Quantify to annotation model (Partek E/M)
When the reads are aligned to a genome reference, e.g. hg38, the quantification is performed on transcriptome, you need to provide the annotation model file of the transcriptome.
Quantification dialog
If the alignment was generated in Partek Flow, the genome assembly will be displayed as text on the top of the page (Figure 1), you do not have the option to change the reference.
If the bam file is imported, you need to select the assembly with which the reads were aligned to, and which annotation model file you will use to quantify from the drop-down menus (Figure 2).
In the Quantification options section, when the Strict paired-end compatibility check button is selected, paired end reads will be considered compatible with a transcript only if both ends are compatible with the transcript. If it is not selected, reads with only one end have alignment that is compatible with the transcript will also be counted for the transcript .
If the Require junction reads to match introns check button is selected, only junction reads that overlap with exonic regions and match the skipped bases of an intron in the transcript will be included in the calculation. Otherwise, as long as the reads overlap within the exonic region, they will be counted. Detailed information about read compatibility can be found in the Understanding Reads white paper.
Minimum read overlap with feature can be specified in percentage of read length or number of bases. By default, a read has to be 100% within a feature. You can allow some overhanging bases outside the exonic region by modifying these parameters.

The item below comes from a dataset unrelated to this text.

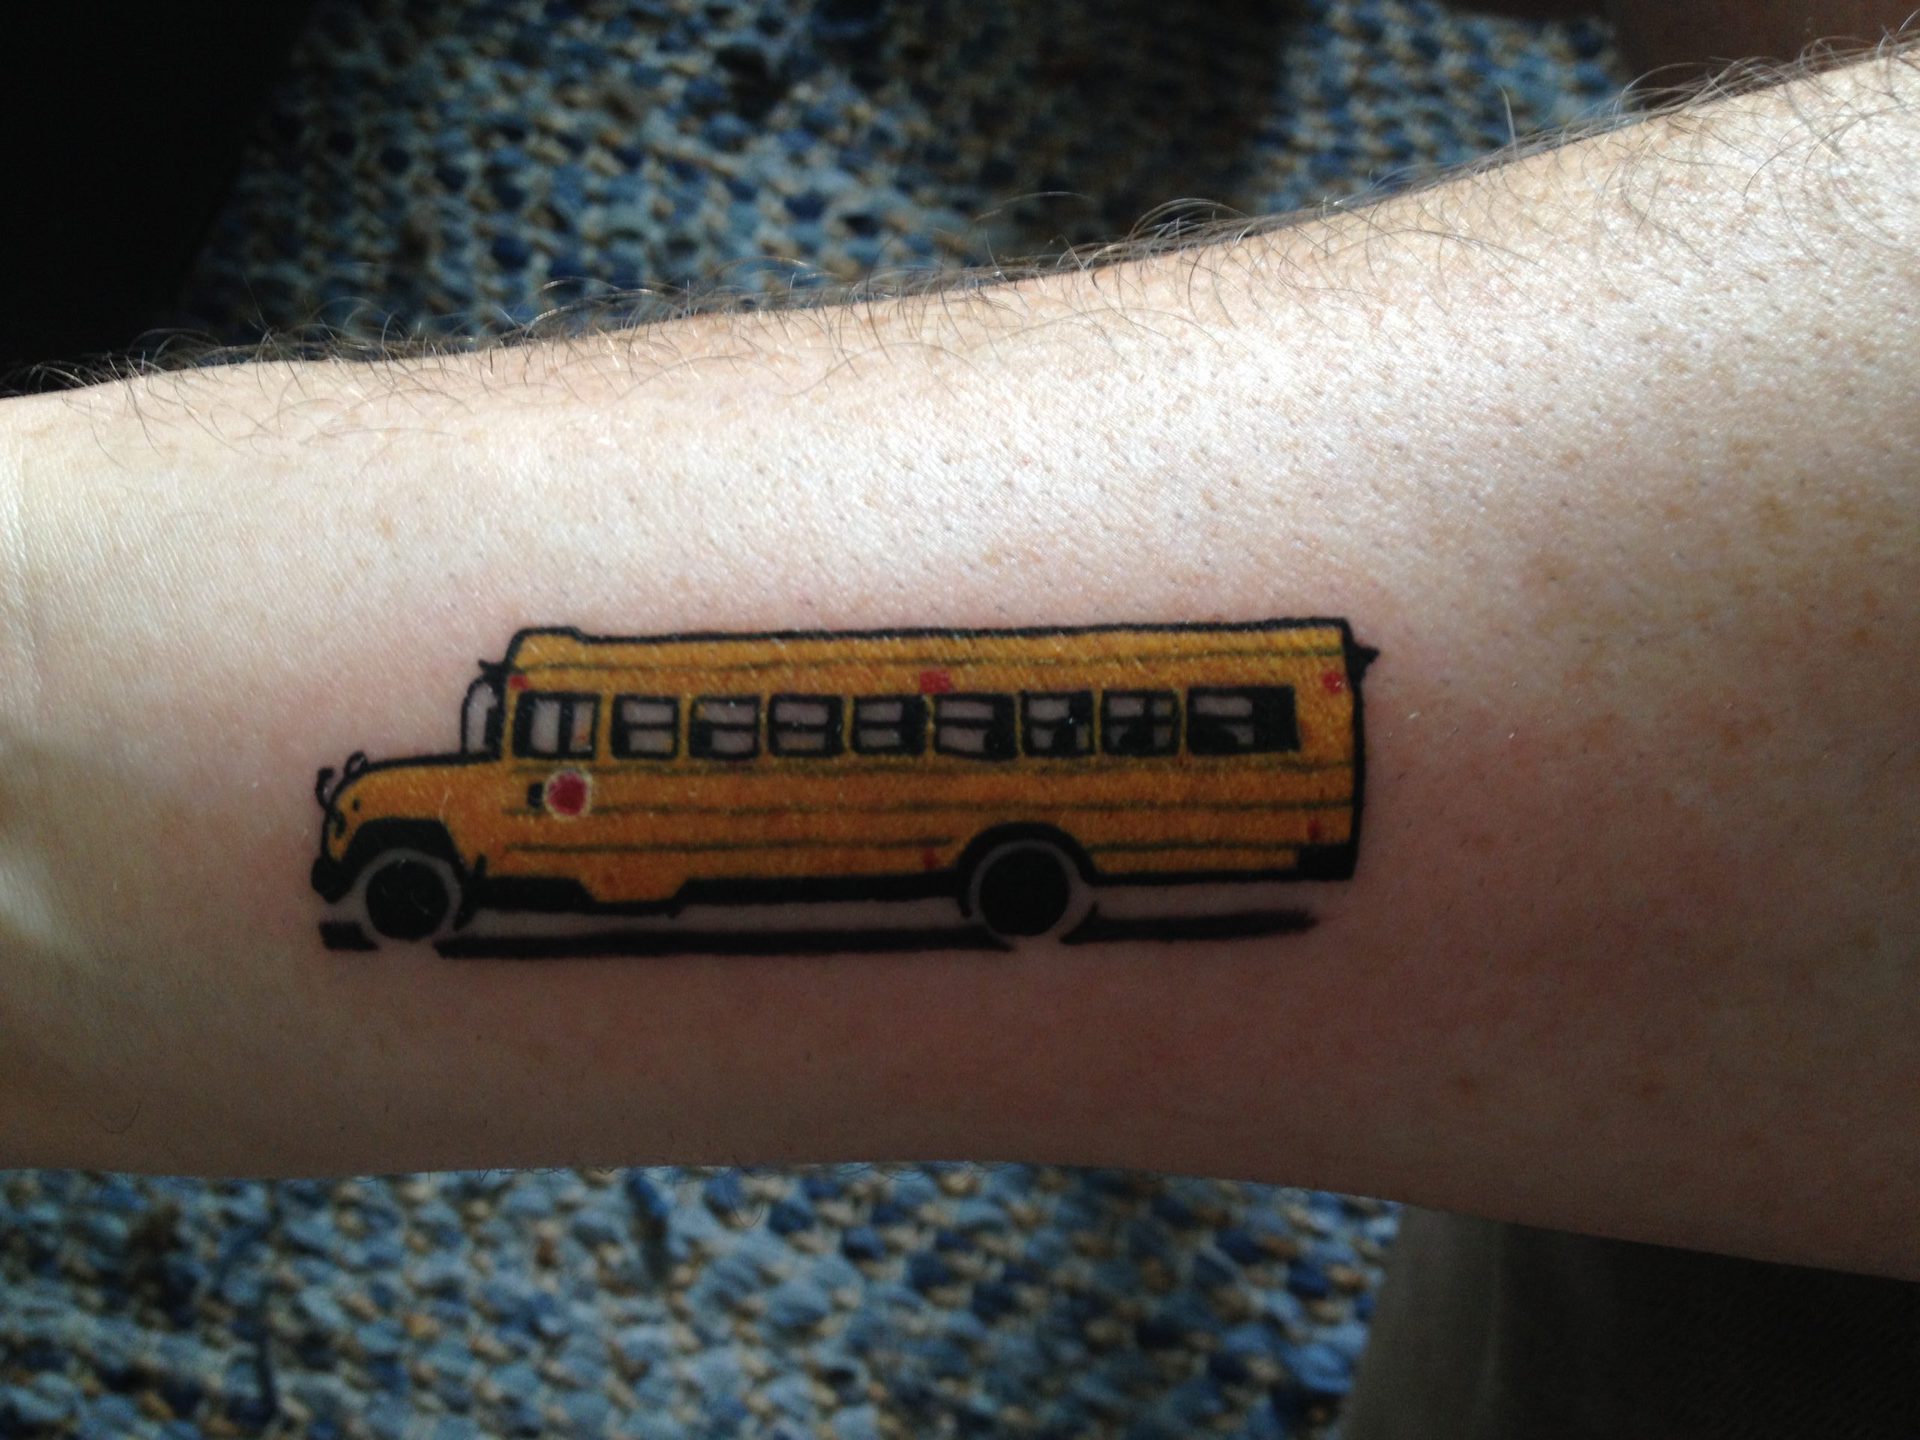 Magic bus tattoo on my arm. : r/IntotheWild

Filter features option is a filter for minimum reads, by default only the features whose sum of the reads across all samples that are greater than or equal to 10 will be reported. To report all the features in the annotation file, set the value to 0.
Some library preparations reverse transcribe the mRNA into double stranded cDNA, thus losing strand information. In this case, the total transcript count will include all the reads that map to a transcript location. Others will preserve the strand information of the original transcript by only synthesizing the first strand cDNA. Thus, only the reads that have sense compatibility with the transcripts will be included in the calculation. We recommend verifying with the data source how the NGS library was prepared to ensure correct option selection.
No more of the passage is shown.